WHAT TO DO:
When you copy the material below, keep every line exact and leave each picture out.

DATA EXCERPT:
***

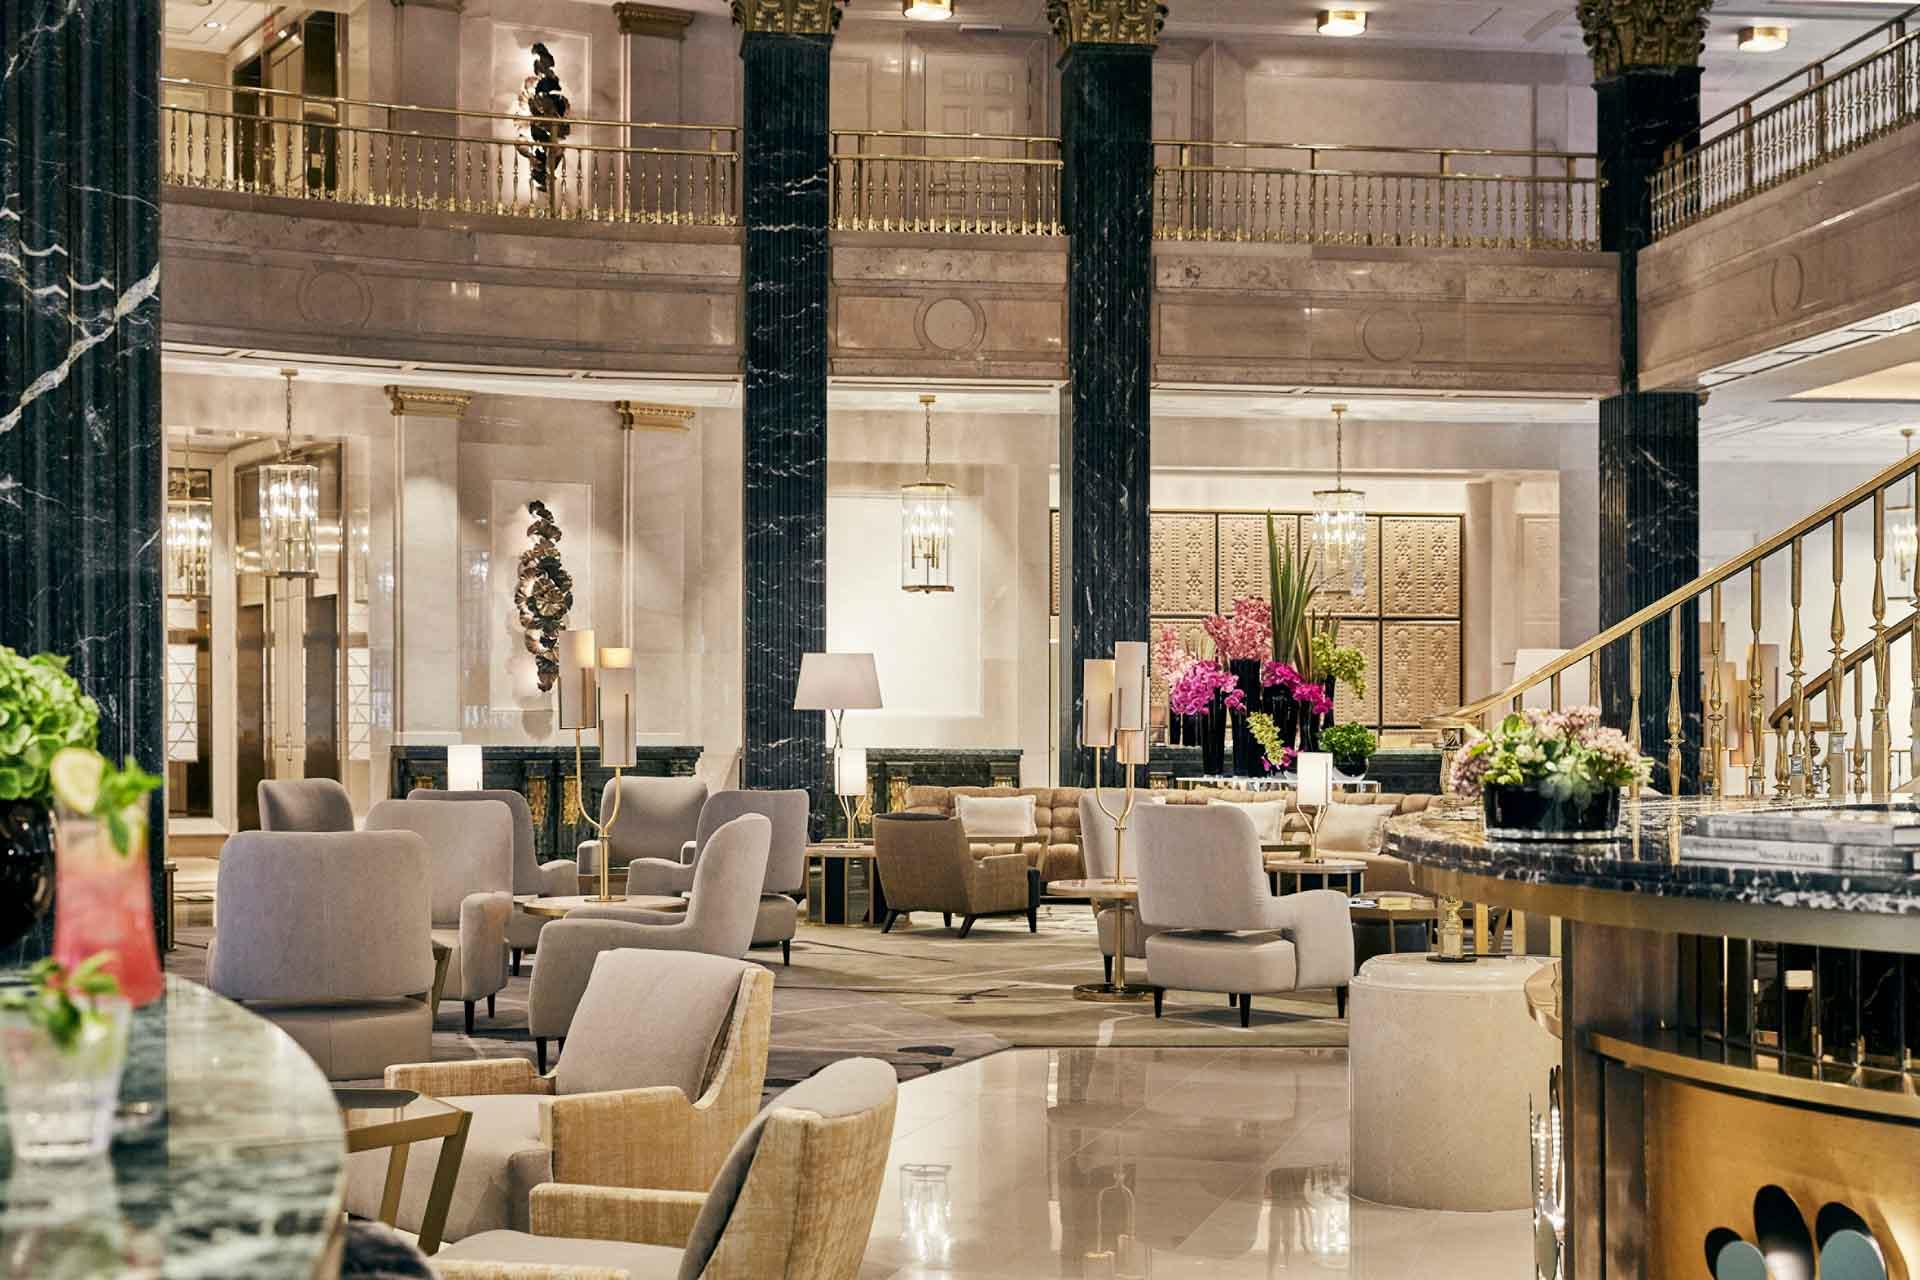 Le lobby du Four Seasons Hotel Madrid © DR
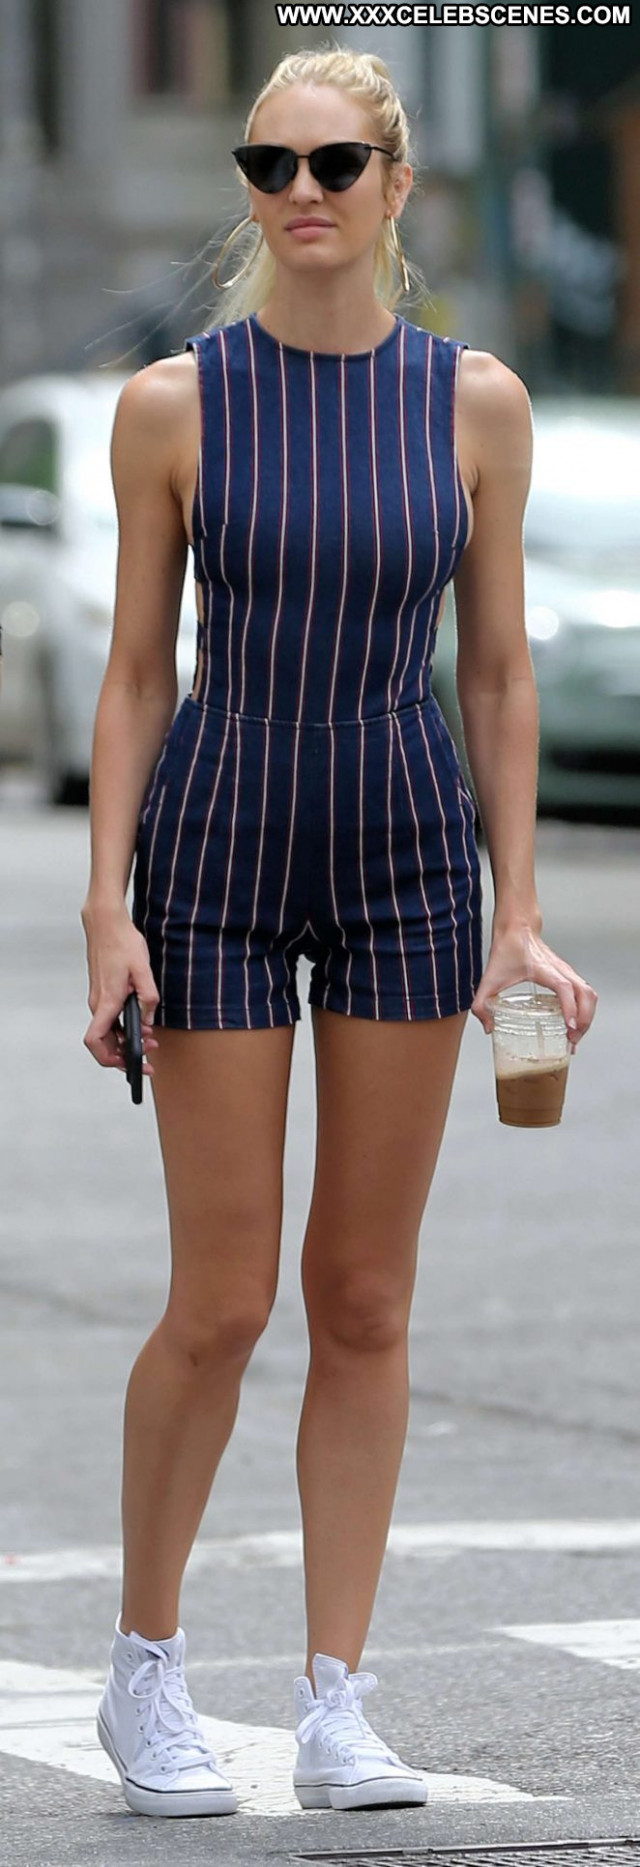 Candice Swanepoel New York Paparazzi New York Babe Beautiful
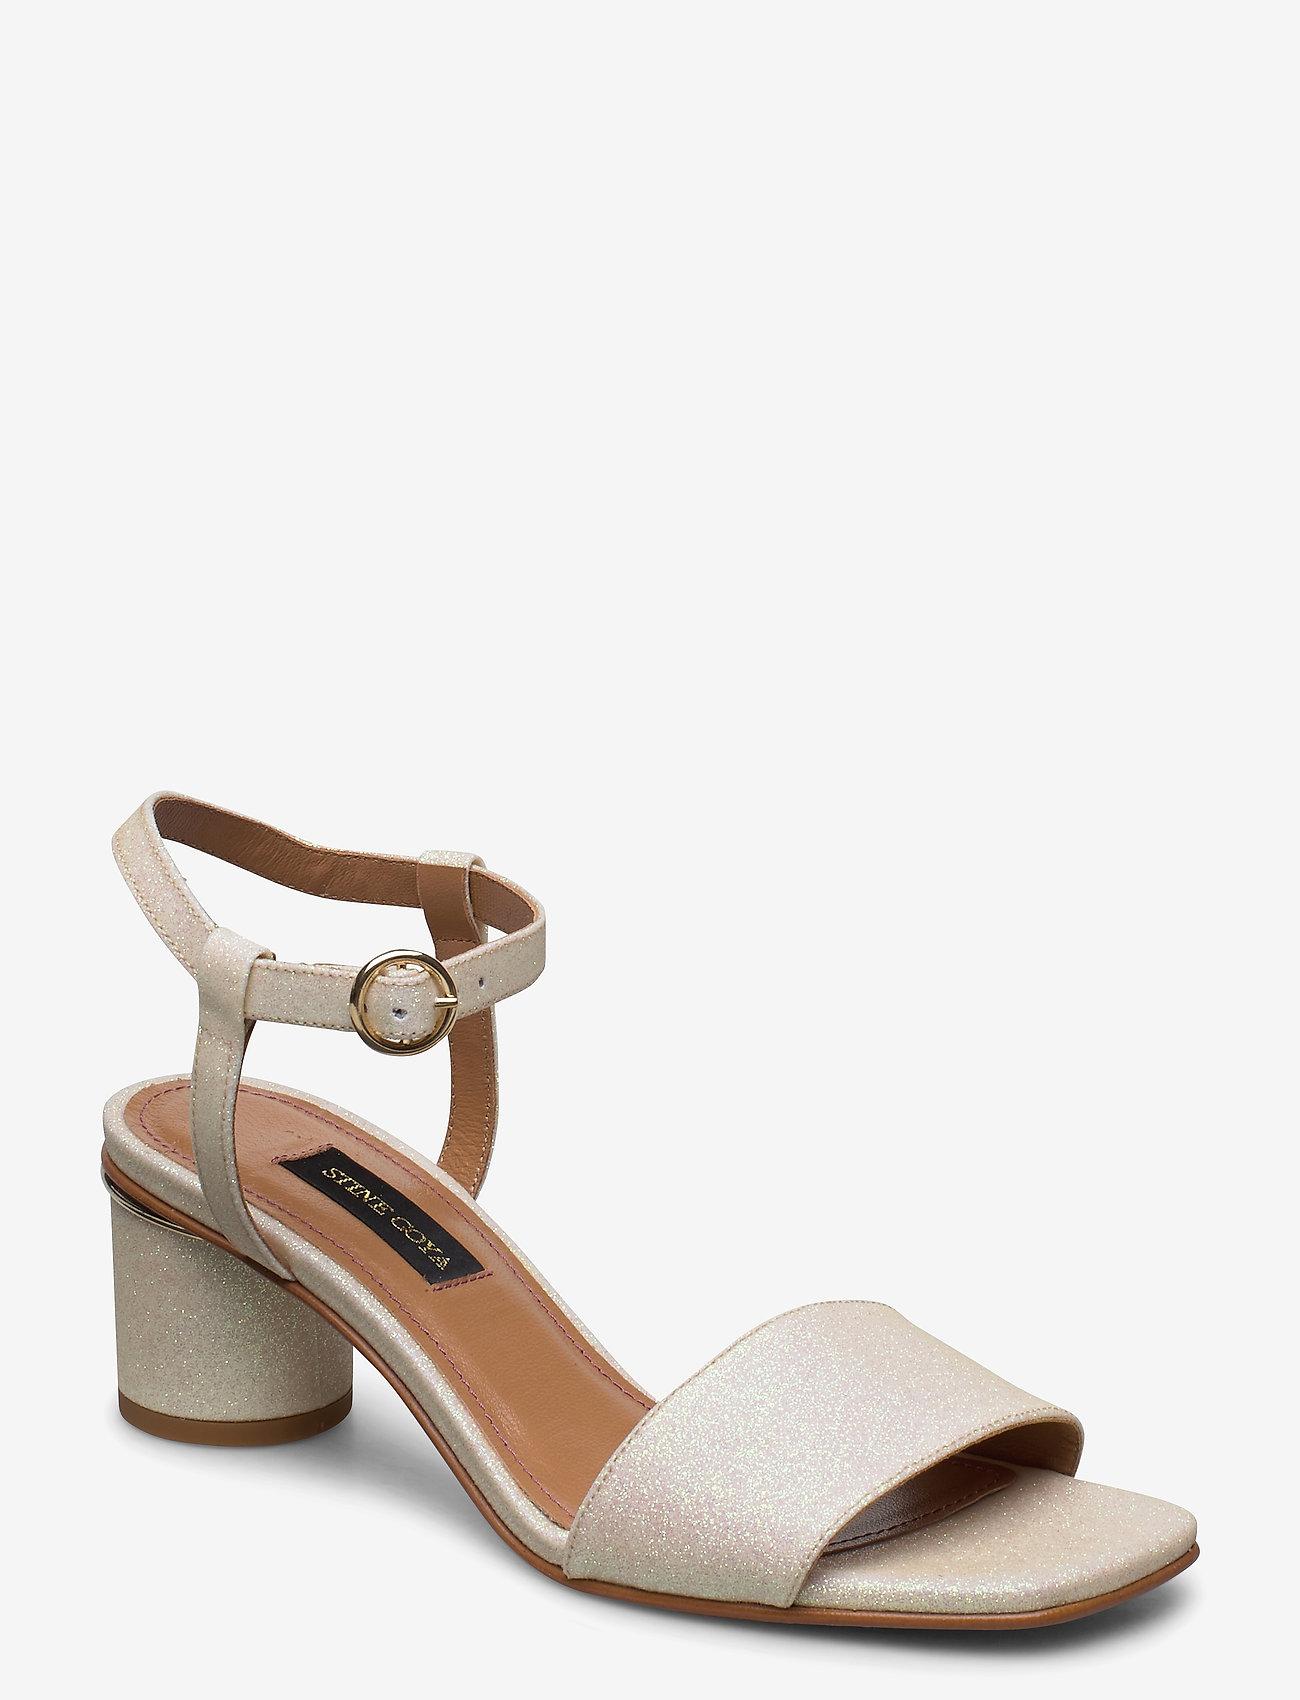 Oda, 884 Glitter Shoes (Champagne
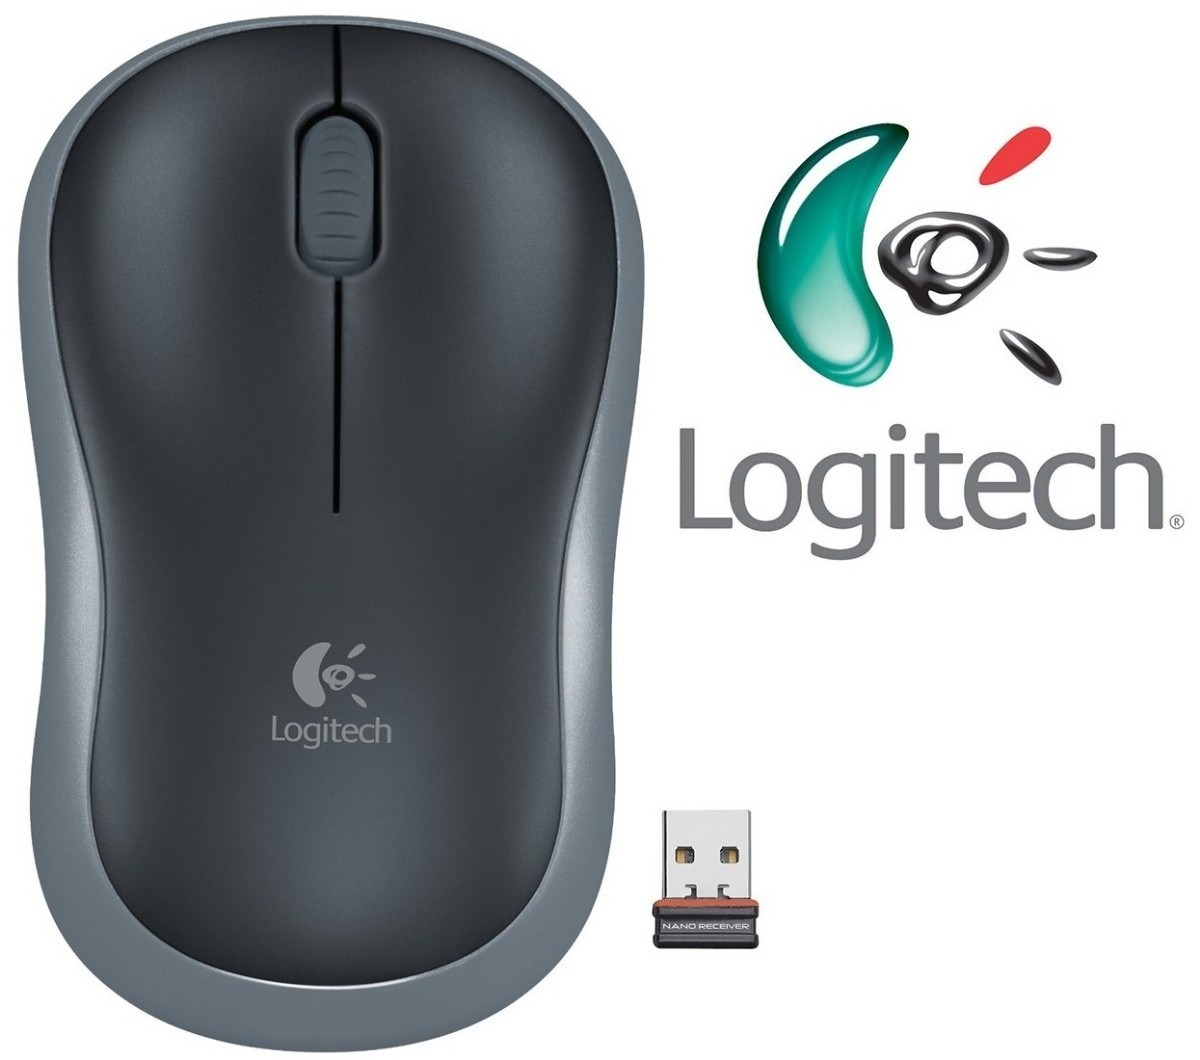 Logitech Wireless Mouse M185 (grijs) - afbeelding 1

***

ANSWER SECTION:
 Le lobby du Four Seasons Hotel Madrid © DR
 Candice Swanepoel New York Paparazzi New York Babe Beautiful
 Oda, 884 Glitter Shoes (Champagne
 Logitech Wireless Mouse M185 (grijs) - afbeelding 1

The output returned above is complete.